Given the nature of the problems and the vast diversity of contexts, this will require multi-pronged and experimental approaches. It is useful to start with existing structures and see how they can be leveraged to build on these reforms. The Primary Agriculture Credit Societies (PACS), FPOs, existing APMC mandis, existing contract farming companies, and so on have to become critical anchors in this journey. They all need to be co-opted, instead of trying to create new alternative platforms and infrastructures, unless exceptional circumstances demand. Besides, there will have to be sufficient tolerance for failures, and alertness to spot successes and commitment to scale successful ideas.

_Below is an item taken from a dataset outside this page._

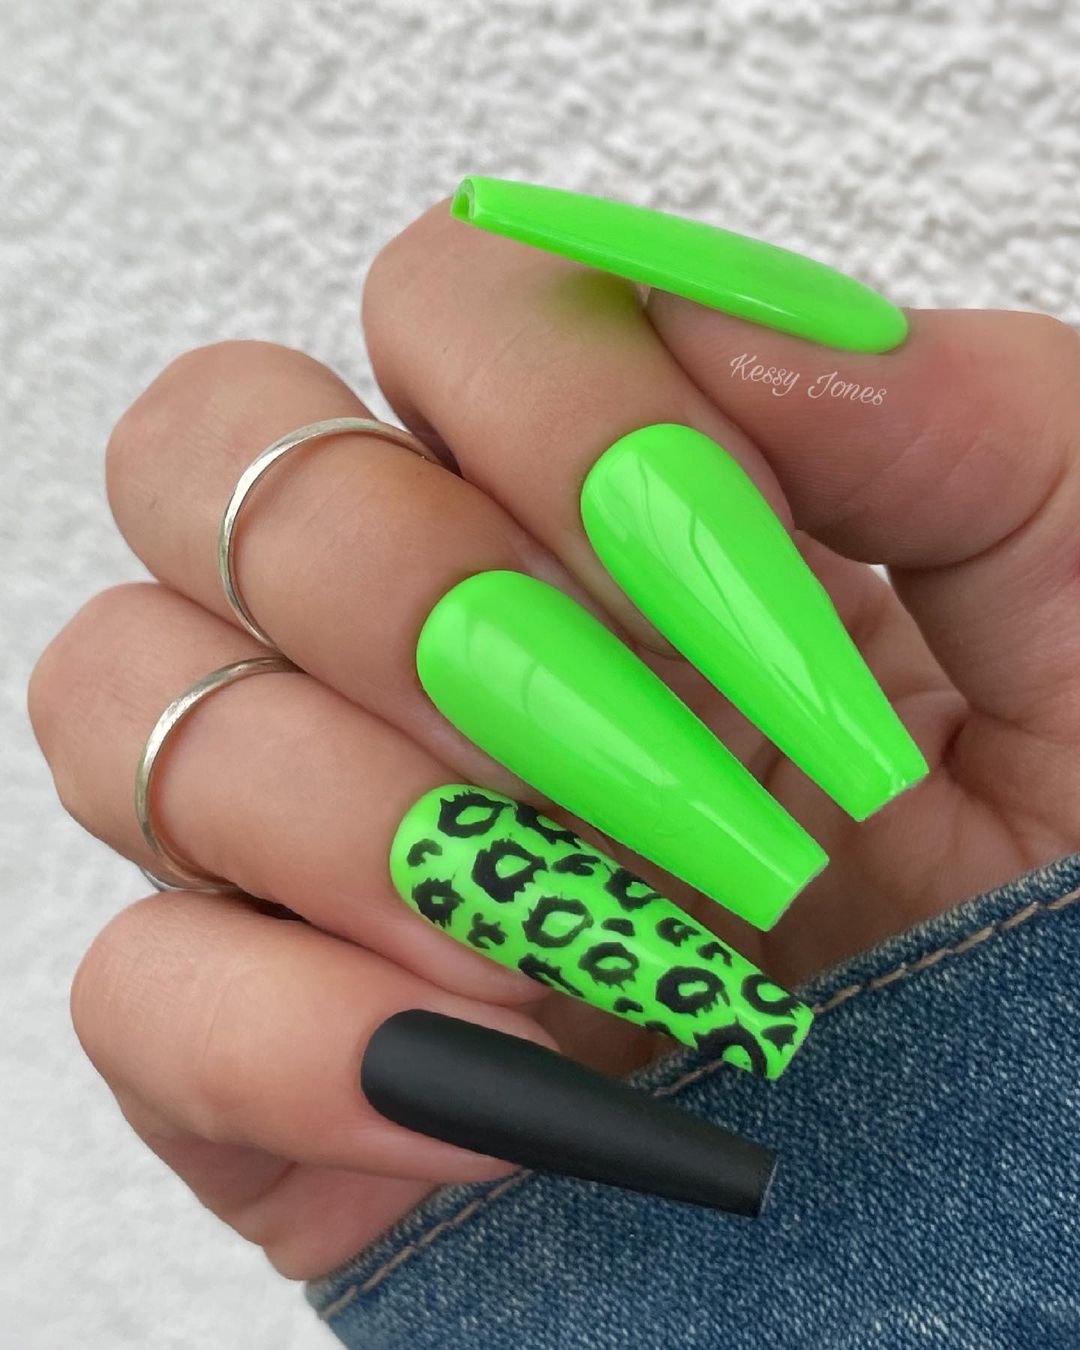 20 SuperBright Neon Green Nail Designs Perfect For Summer / MÉLÒDÝ JACÒB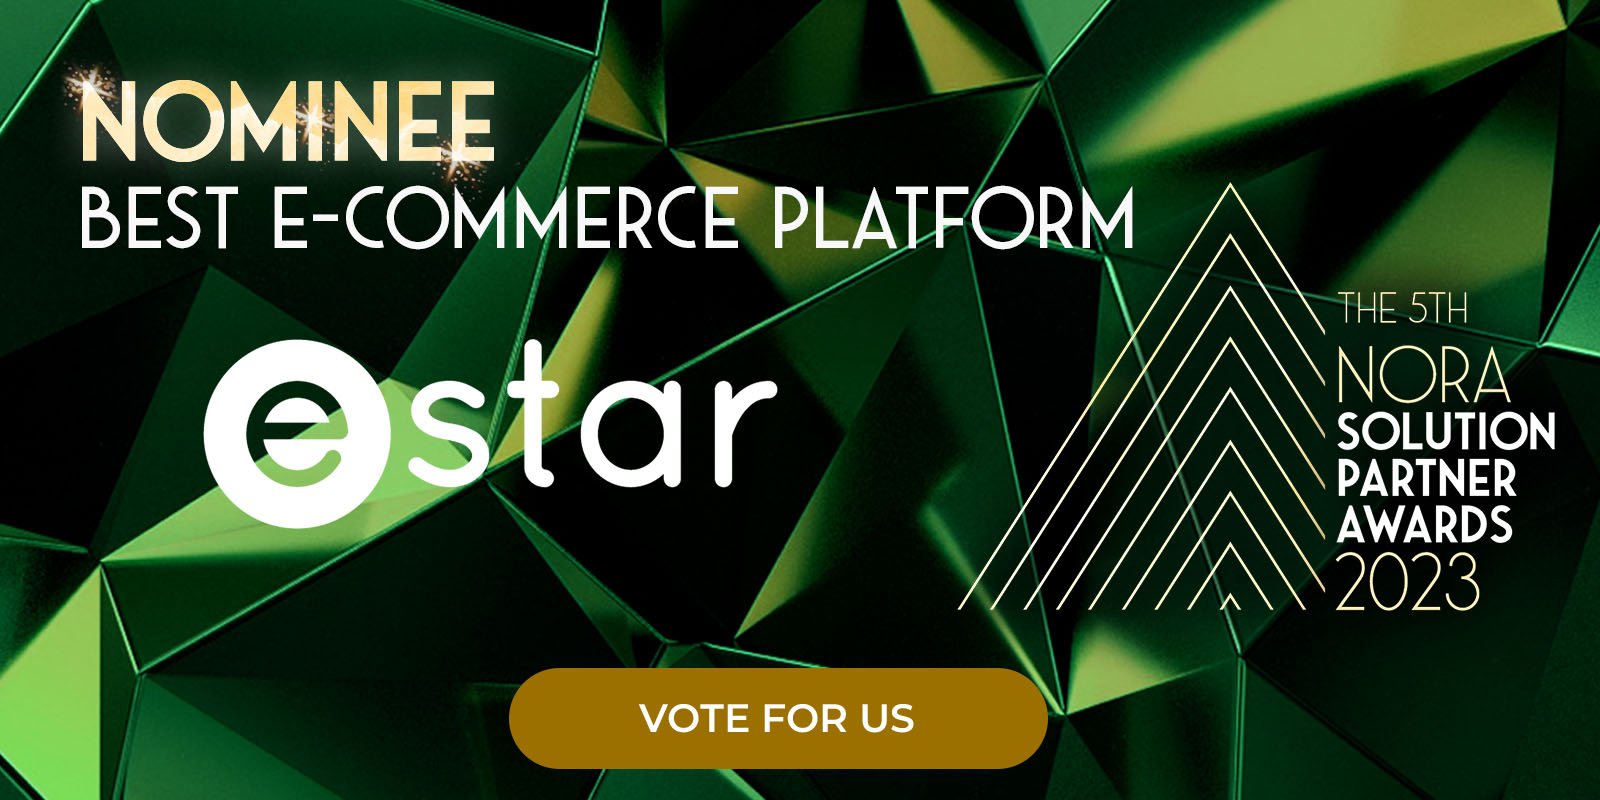 NORA_Awards_23_SP_Assets_estar_Best_ E-commerce_Platform_Linkedin_Vote_For_us

In this context, a rare example of informed public commentary on agriculture market reforms comes from former NABARD Chairman Harsh Bhanwala and Nirupam Mehrotra. One of the suggestions is to develop and increase efficiency of existing agriculture marketing pathways,
During Covid-19, the ability of FPOs to deliver was demonstrated successfully in some states. So, we have a proof of concept to work on quickly. It would be a fallacy to just provide these grassroots farmer-level institutions only standalone infrastructure like storage capacity. What should be envisaged is linking up through various interventions — from logistics and digital mode to the value chain. The government had, under the Mission for Integrated Development of Horticulture (MIDH), identified 78 Bagwani clusters. In these clusters, FPOs can be linked with the value chain and export markets. Many FPOs are already conducting activity/commodity-specific trades. Essentially, while building this alternative structure, one should also envision the role it can play in building up an alternative price discovery mechanism. These institutions can be linked to commodity stock exchanges (spot markets), and alternative price discovery can happen, as opposed to the APMC route. As the size of this route increases, it would lead to an effective price discovery mechanism. This route is organically nearer to a National Markets Platform, as opposed to APMCs and even the eNAM, which is housed in (or a part of) APMCs.Another suggestion is on moving beyond the MSP by subsidising access to commodities options,
Another viable option is to explore how one can move beyond minimum support price (MSP) as a mechanism to offer remunerative prices. Commodity options could be one such realistic measure for the government. Essentially, there are basically two types of options — call and put options. Buyers of “put” options have the right but not the obligation to sell, or make a delivery, at a predetermined price and date. Therefore, a put option could be used to advantage by farmers. If a farmer buys a put option of a commodity he produces, he locks in his profit by paying a premium. This premium could be partially or fully subsidised by the government.The point about public subsidy on price of the options is interesting and perhaps one way to get FPOs start engaging with the commodities market. It could work well for some products and for FPOs in certain regions.
Debashis Basu has another suggestion,
The solution is for the NITI Aayog to select some of these states for a pilot project and get on board a few large business groups (Reliance, ITC, Mahindra, and others have enormous knowledge and can scale up quickly). Make them compete with each other to get the most modern technology at Indian costs, all with the ultimate vision of connecting the Indian farmer to the global market. This experiment must have positive feedback loops, embedded in the design, allowing sensible course corrections.
In short, agriculture sector requires reform by allowing million flowers to bloom and building bonds of credibility and trust across different market participants. And develop the system and capacity to learn from emergent evidence and scale successful practices.